Хрулеев уставился на парня, Фасолин конечно был бледен, но определенно являлся живым человеком, а не поднятым некромантией трупом.
— Подыхал?
— Ну, не в буквальном смысле, конечно. Я вообще-то артист из Псковского народного театра. Я Полония играл в «Гамлете», так что меня закалывали уже дохуя раз. Еще я играл самого Президента в пьесе «Карающий Ледовласый: Последний ползок коммуниста». Но это был полный пиздец, режиссер требовал, чтобы я перед каждым спектаклем выпивал бутылку водки для вхождения в образ. В результате у меня после сезона гастролей печень разболелась, это была наверное самая сложная моя роль. Но я справился, хотя я и не претендую на лавры профессионального актера. Вообще, я ведь по профессии лесник, а до этого работал санитаром в морге. Хотя Герману я конечно об этом сообщать не стал, он, как известно, считает всех медиков колдунами, даже санитаров...
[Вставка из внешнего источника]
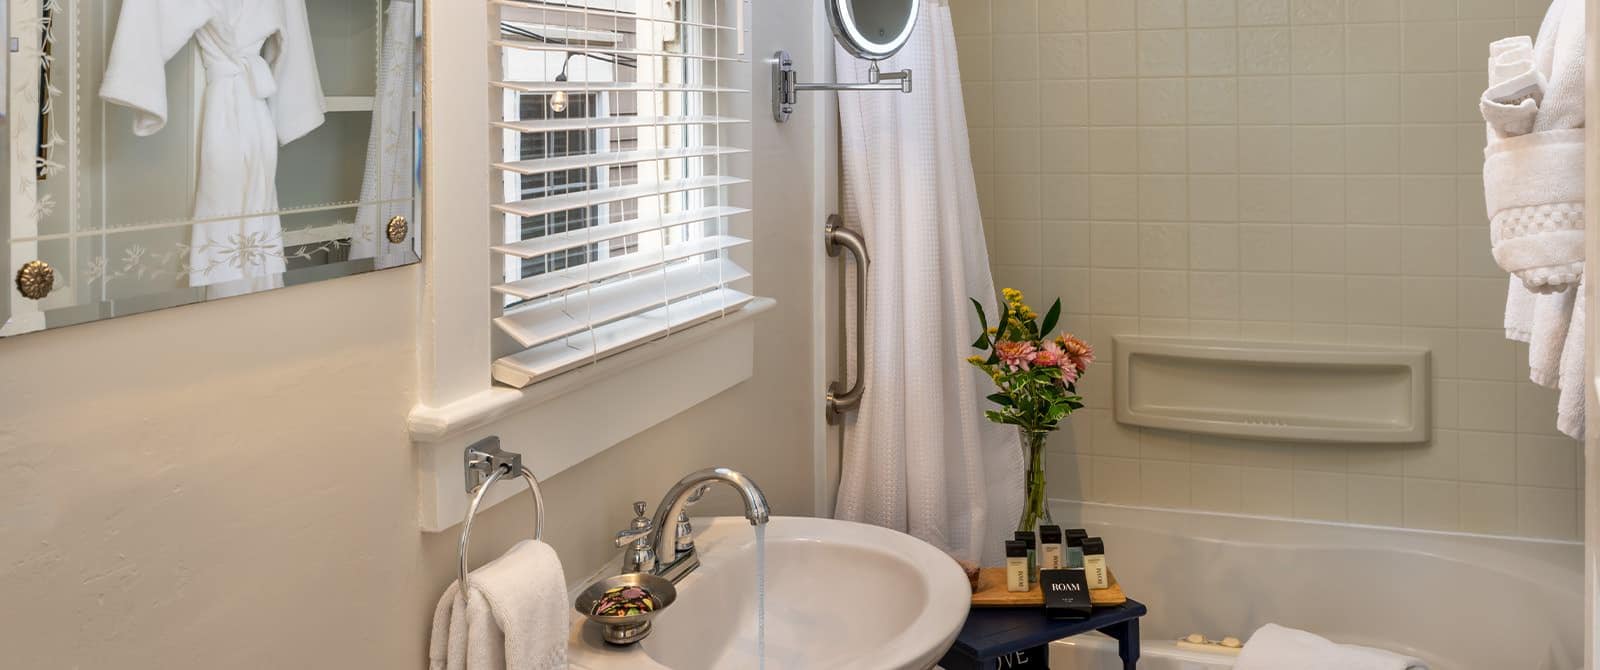 Bathroom with white walls, white sink, and white tub
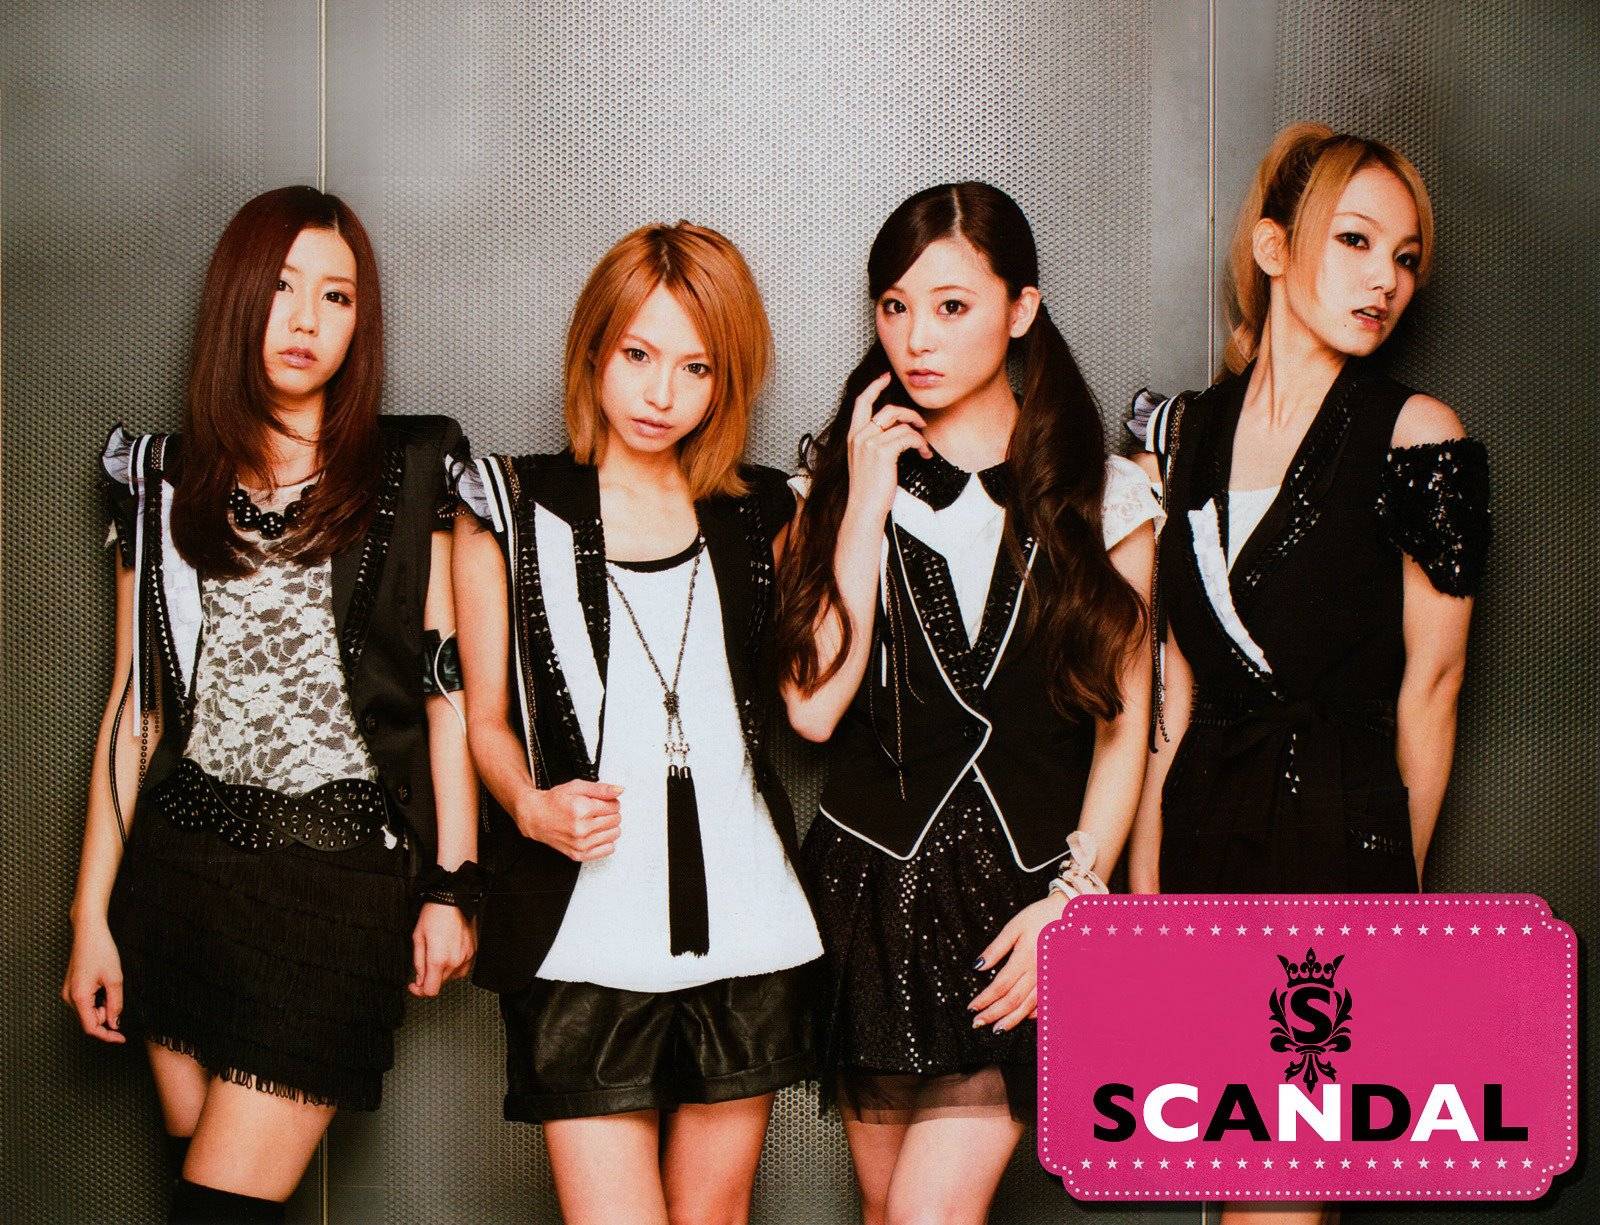 Best image about Scandal Band. Scandal japanese

— Ладно, — перебил артиста-анархиста Хрулеев, — Раз ты медик и санитар, надень на себя бронежилет и найди мне аптечку.
— А нахуя надевать? — удивился Фасолин.
— Так искать удобнее. Давай быстрее, тут сотня подсумков не меньше. Ну и, кроме того, мы на войне, бронежилет не помешает.
— Так сам надень...
— Я не могу одной рукой. Давай.
— Так давай я тебе помогу...
— Надевай, блядь. Или анархистам убеждения запрещают носить бронежилеты?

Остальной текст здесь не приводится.